Reflection Transformation
A reflection transformation is a type of linear transformation where points are flipped over a specified line, effectively creating a mirror image. In the case of reflecting across the line \(y = -x\), each point in the plane changes its coordinates by swapping and negating them. For example, a point \((x, y)\) transforms to \((-y, -x)\). This line acts as the mirror line, and any point positioned on the line remains unchanged after the reflection.
- The mirror line defines how each point's new location relates to its original.
- Reflection transformations preserve distances: the mirrored point remains equidistant to the line from its original position.
- They also preserve angles, meaning the geometric shape and angles remain unchanged but flipped.
Standard Matrix
The standard matrix for any linear transformation provides a concise representation of how that transformation manipulates vectors in space. In the context of a reflection transformation, the standard matrix is constructed using the effects of reflection on the basis vectors.
- For a transformation in \(\mathbb{R}^2\), the standard matrix is a 2x2 matrix.
- The columns of this matrix correspond to the transformed basis vectors.

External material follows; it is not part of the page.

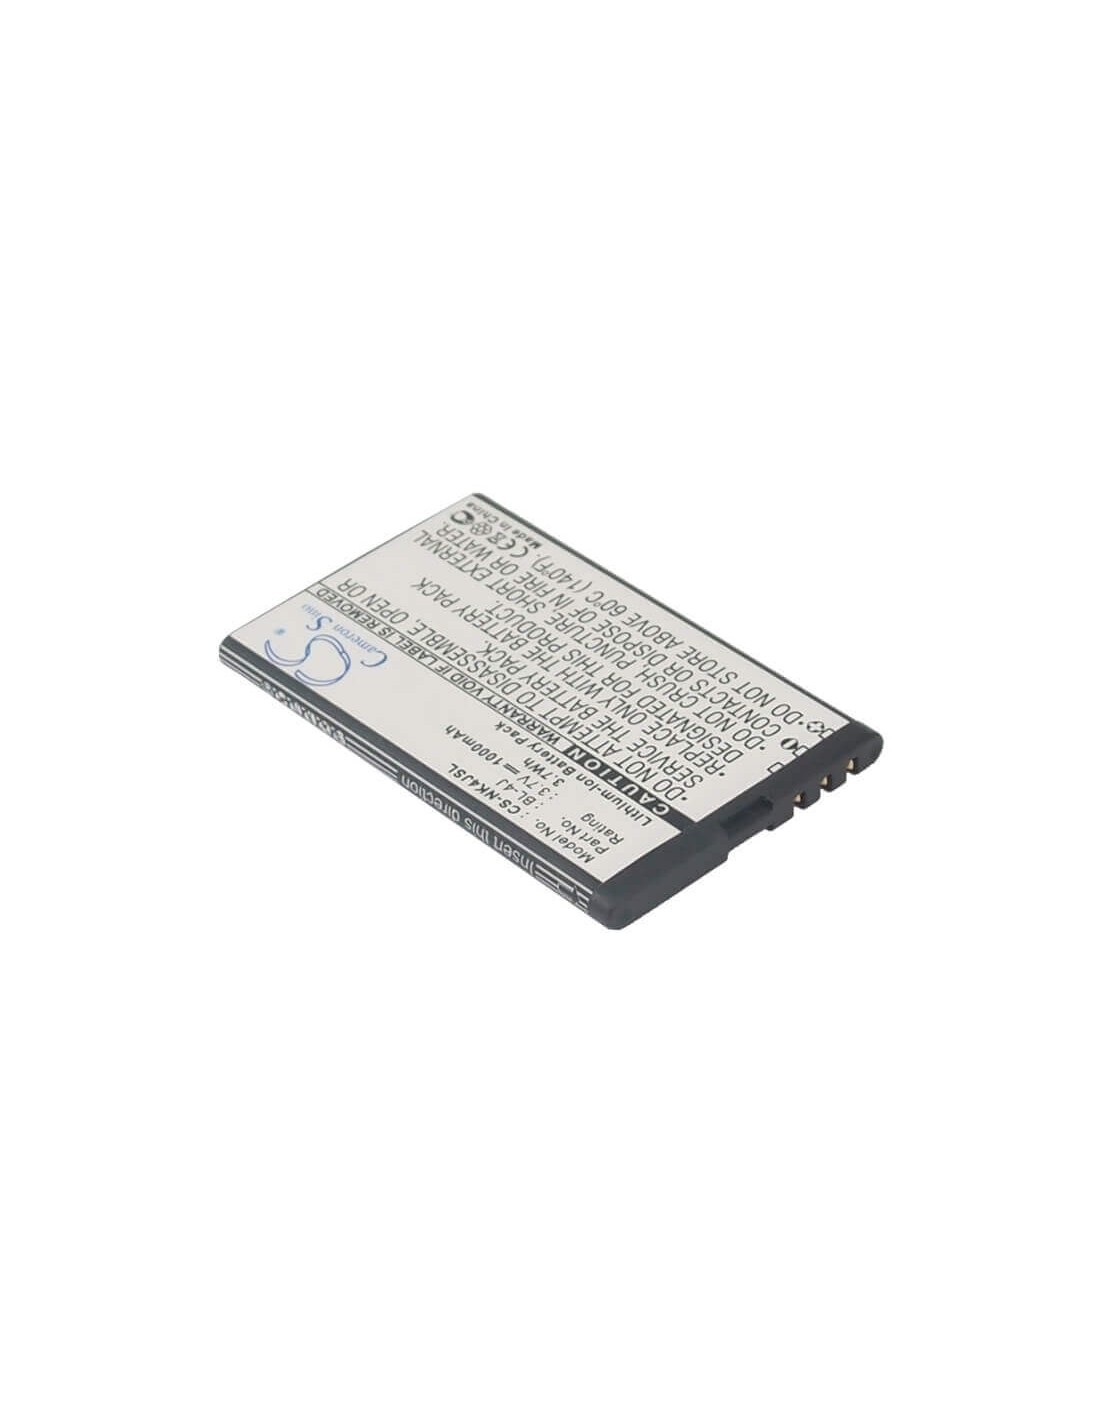 Battery for Nokia C6, C6-00, Touch 3G 3.7V, 1000mAh - 3.70Wh

- The specific example of reflection over the line \(y = -x\) results in the standard matrix:\[A = \begin{pmatrix} 0 & -1 \ -1 & 0 \end{pmatrix}\]
Basis Vector Transformation
To find the standard matrix for a linear transformation, understanding how the transformation affects basis vectors is crucial. In \(\mathbb{R}^2\), the standard basis vectors are:
- \(\mathbf{e}_1 = (1, 0)\)
- \(\mathbf{e}_2 = (0, 1)\)
- \(\mathbf{e}_1 = (1, 0)\) transforms into \((0, -1)\).
- \(\mathbf{e}_2 = (0, 1)\) transforms into \((-1, 0)\).
Matrix Representation
Matrix representation is a method to encode transformations in a structural form that allows for easy manipulation and computation. The formation of a reflection transformation matrix involves assembling the effects on basis vectors into a coherent matrix form. In our example, the 2x2 matrix derived from the reflection over \(y = -x\) is created by:
- Taking the newly positioned basis vectors after reflection.
- Arranging these vectors into the columns of a matrix.